## [EXERCISE REQUIREMENTS]
Pictures stay out; everything else in the listing below is to be restated word for word.

## [EXERCISE DATA]
=-=-=-=-=

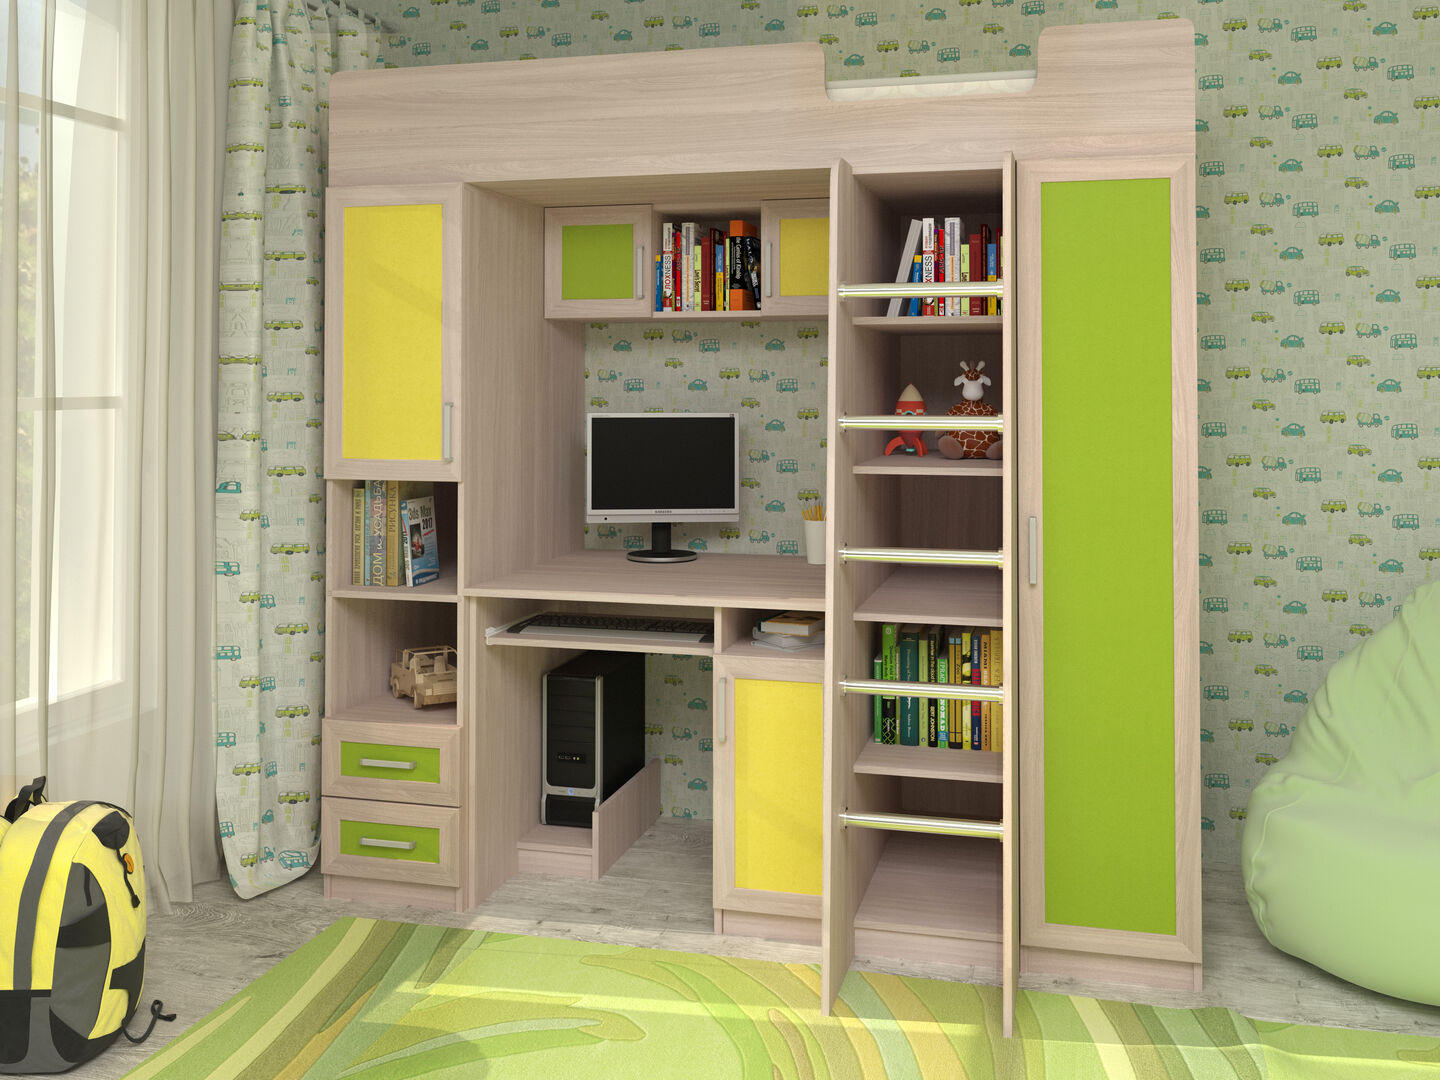 Модульная мебель для детской комнаты фабрики Стиль Карлсон-2
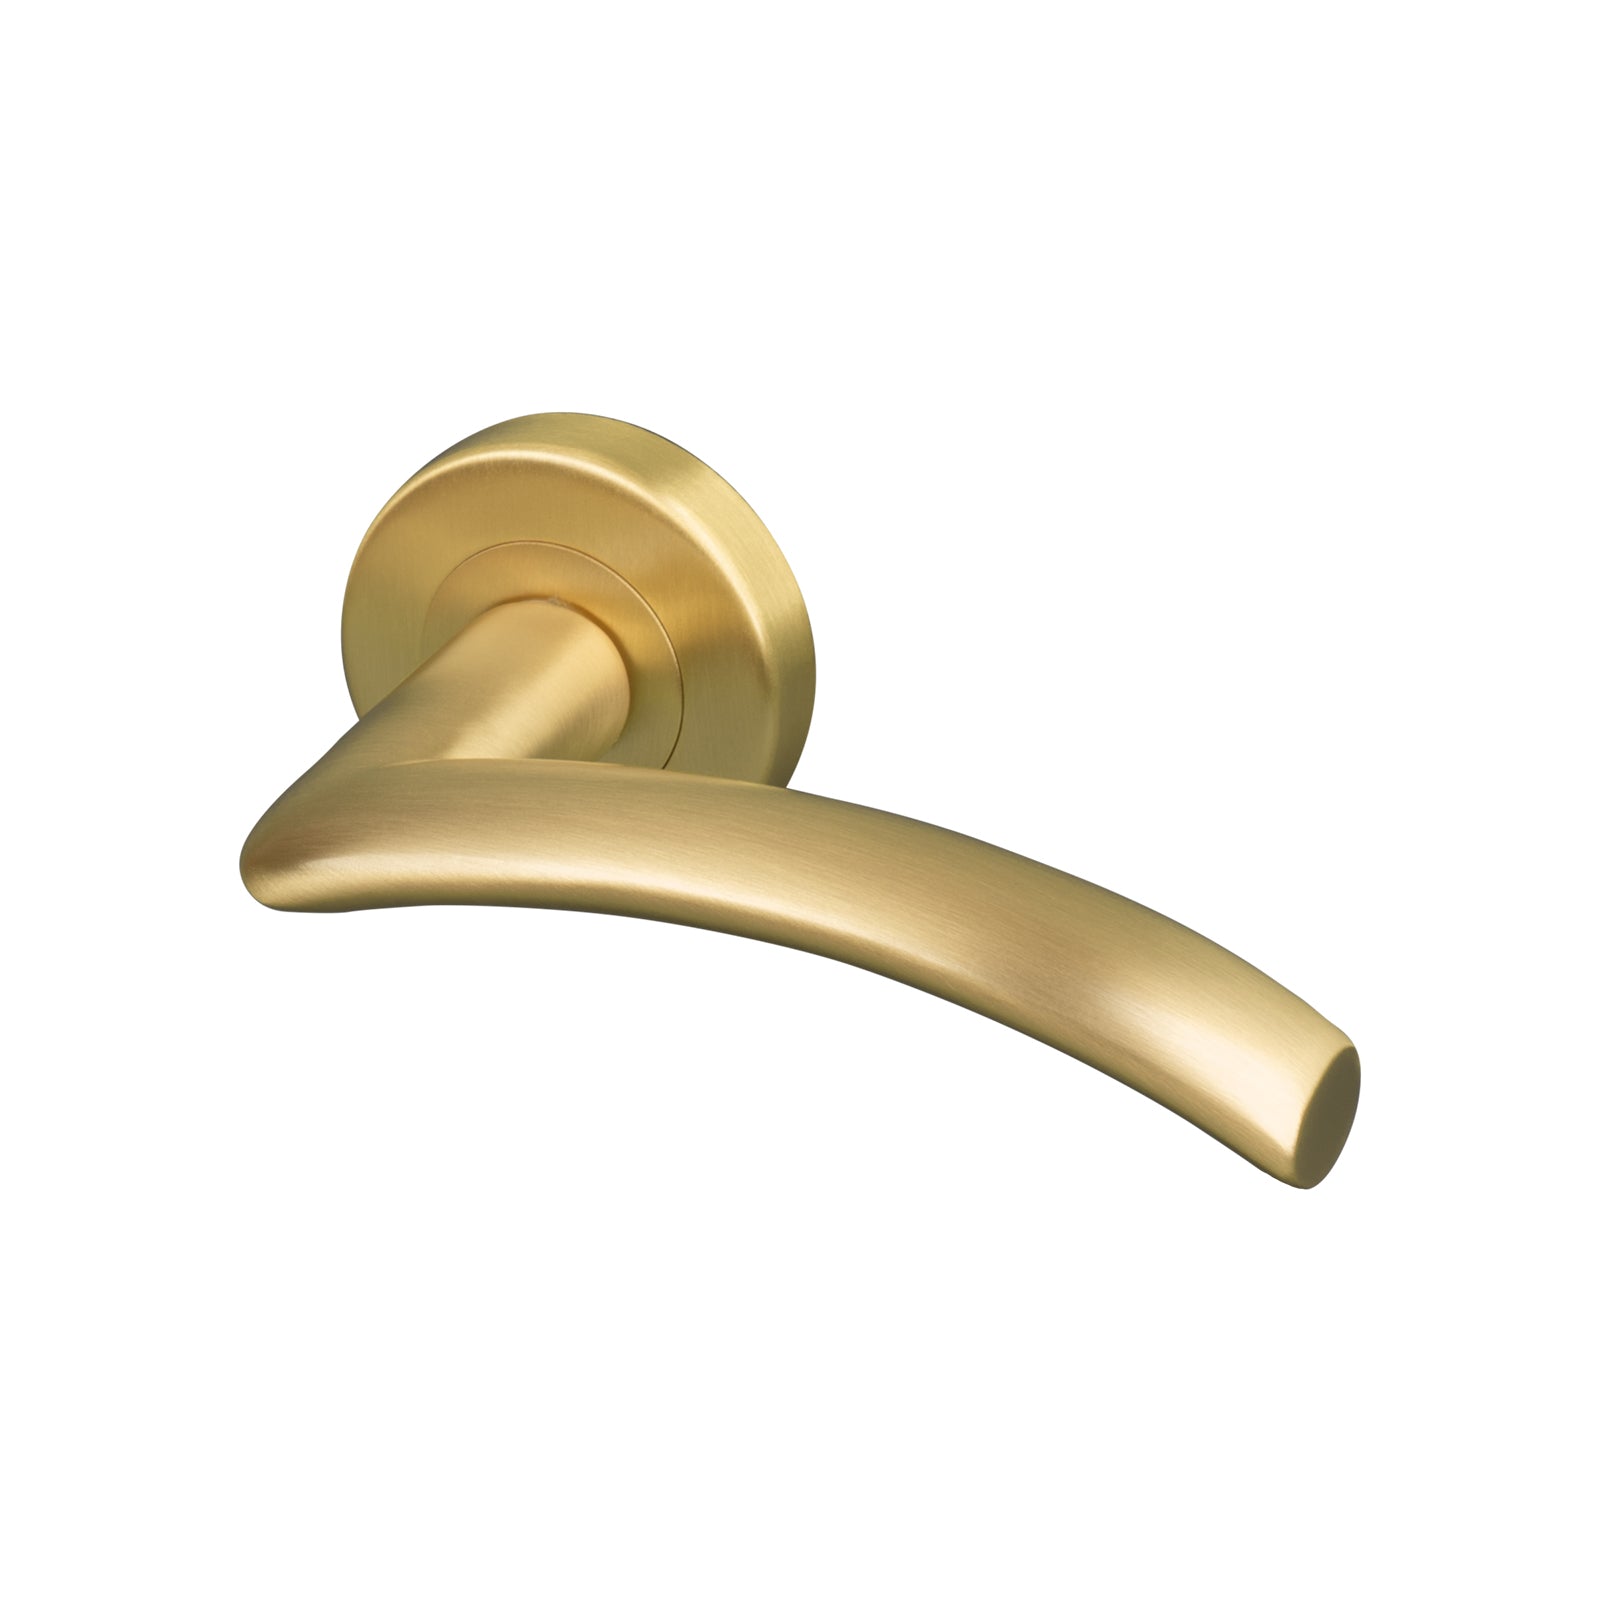 satin brass Centaur round rose door handles, solid brass handles SHOW
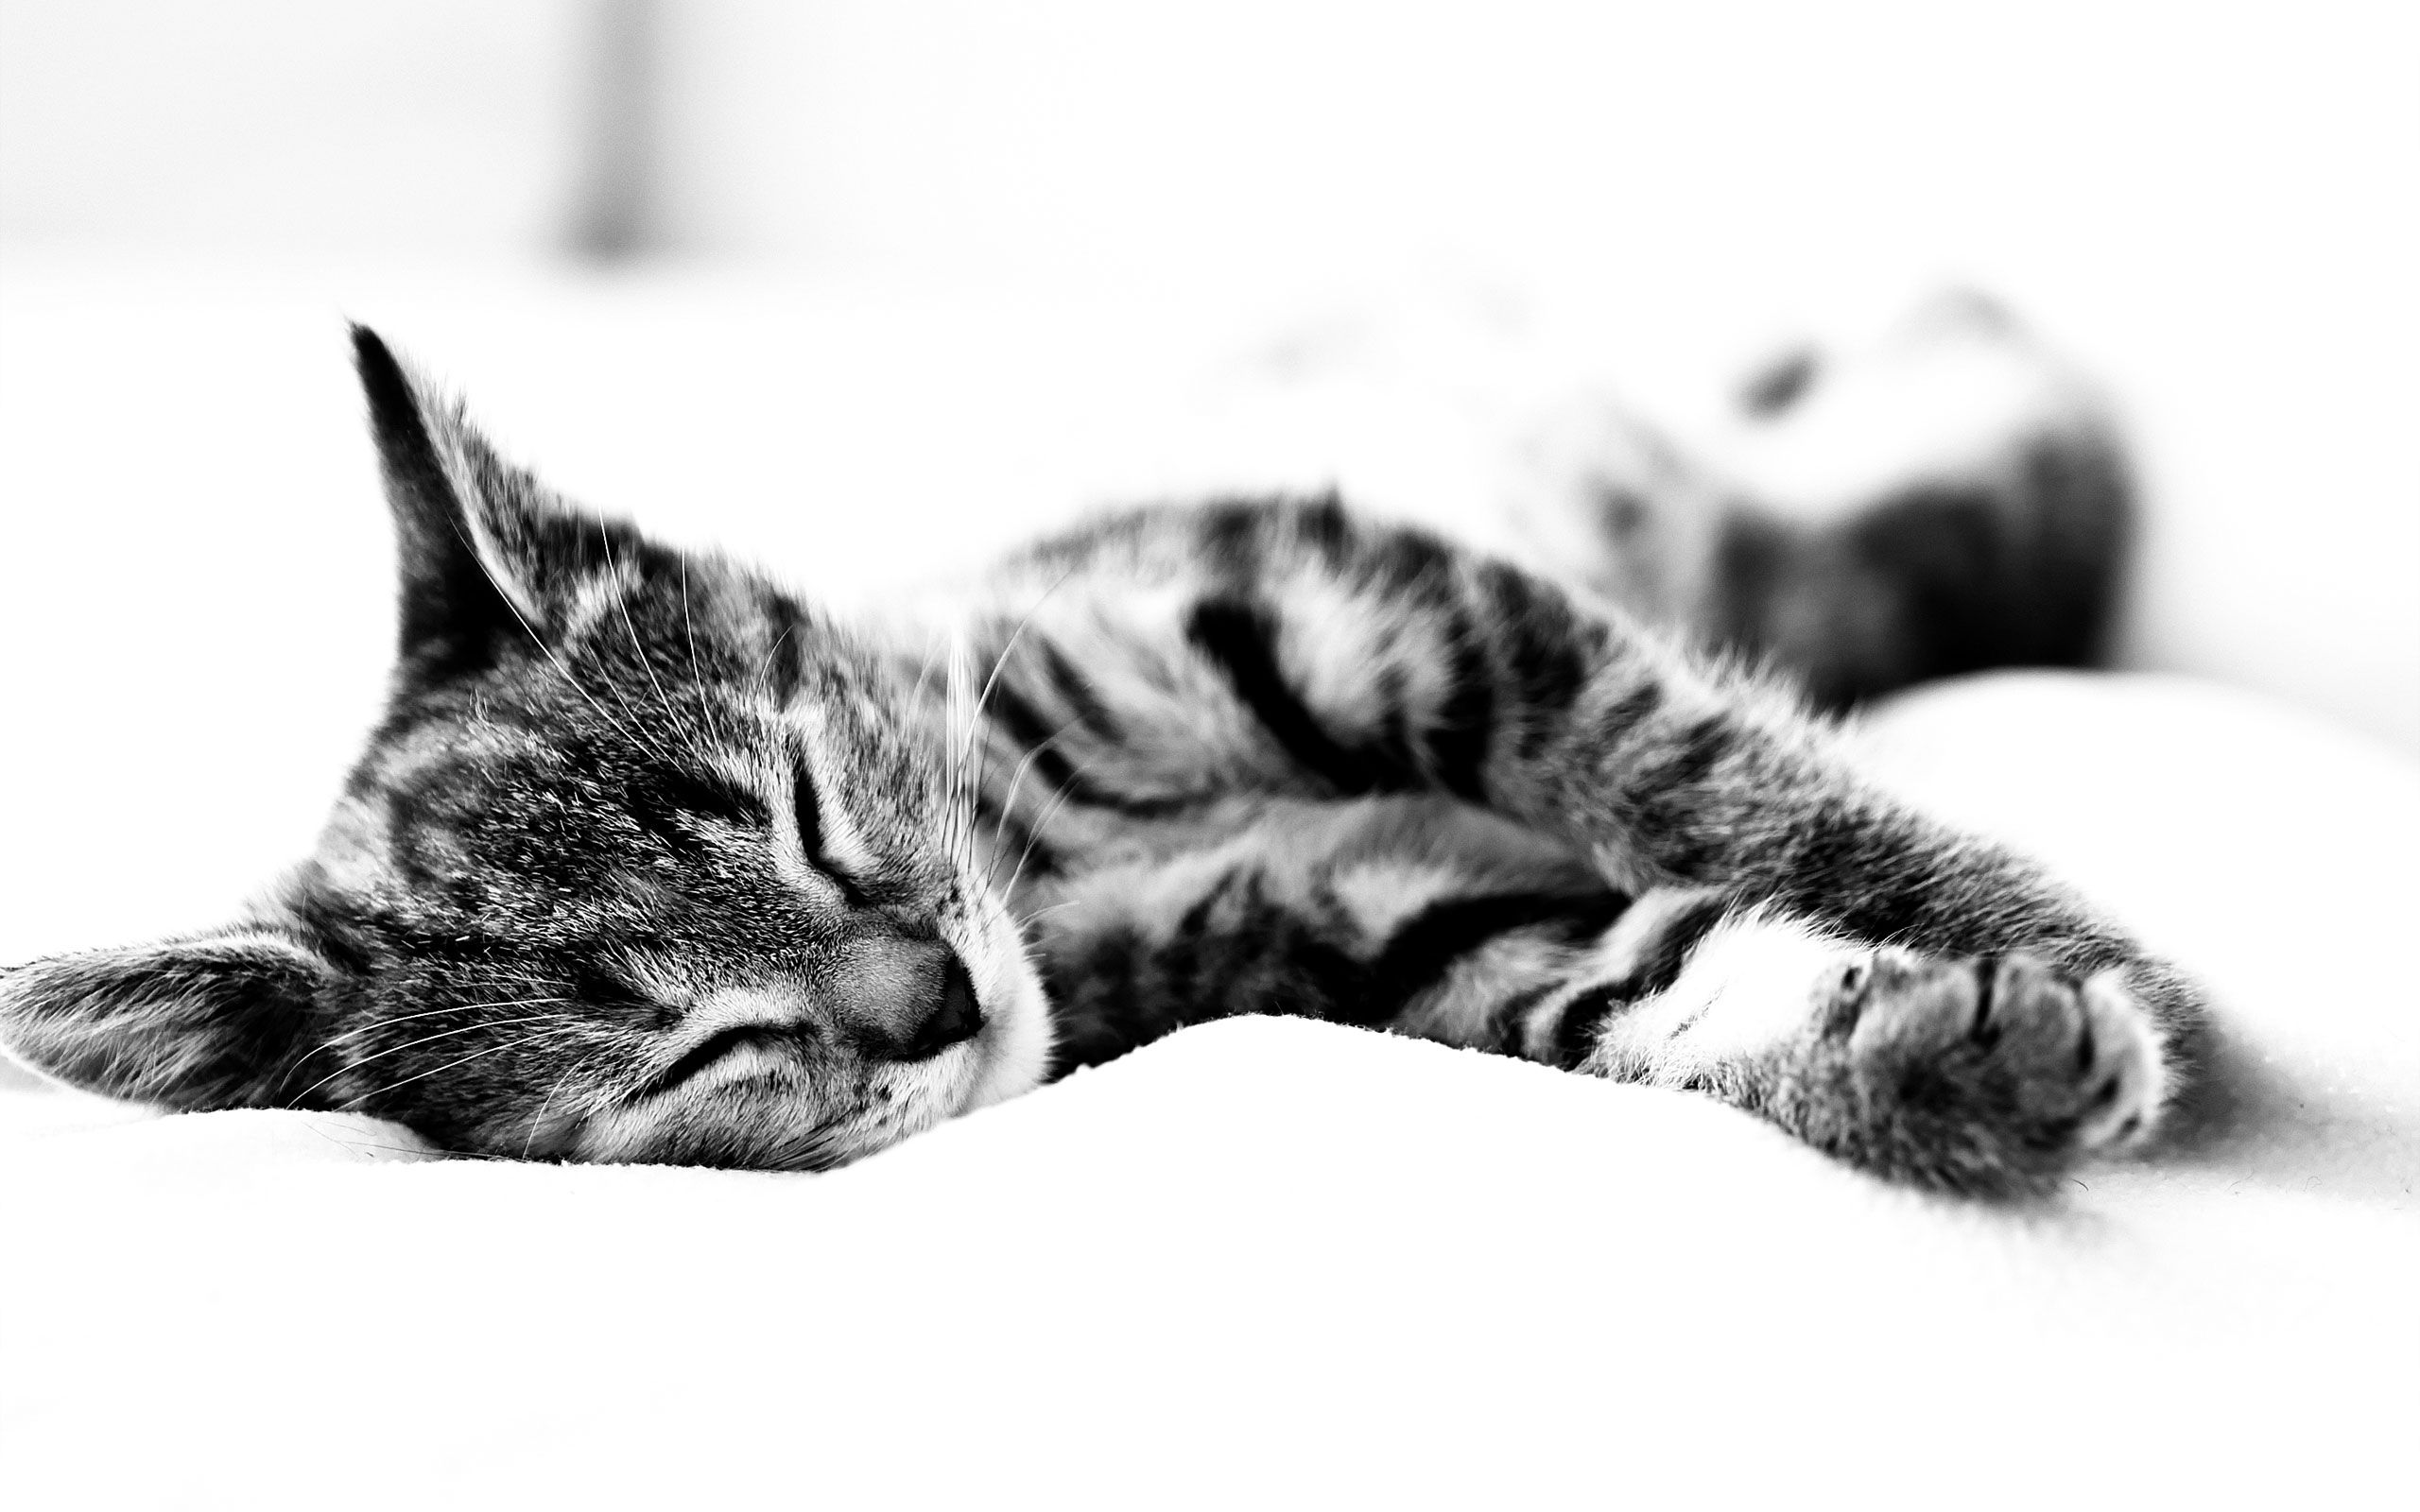 animals, cat, to lie down, lie, bw, chb, sleep, dream, blanket

=-=-=-=-=

## [EXERCISE RESPONSE]
 Модульная мебель для детской комнаты фабрики Стиль Карлсон-2
 satin brass Centaur round rose door handles, solid brass handles SHOW
 animals, cat, to lie down, lie, bw, chb, sleep, dream, blanket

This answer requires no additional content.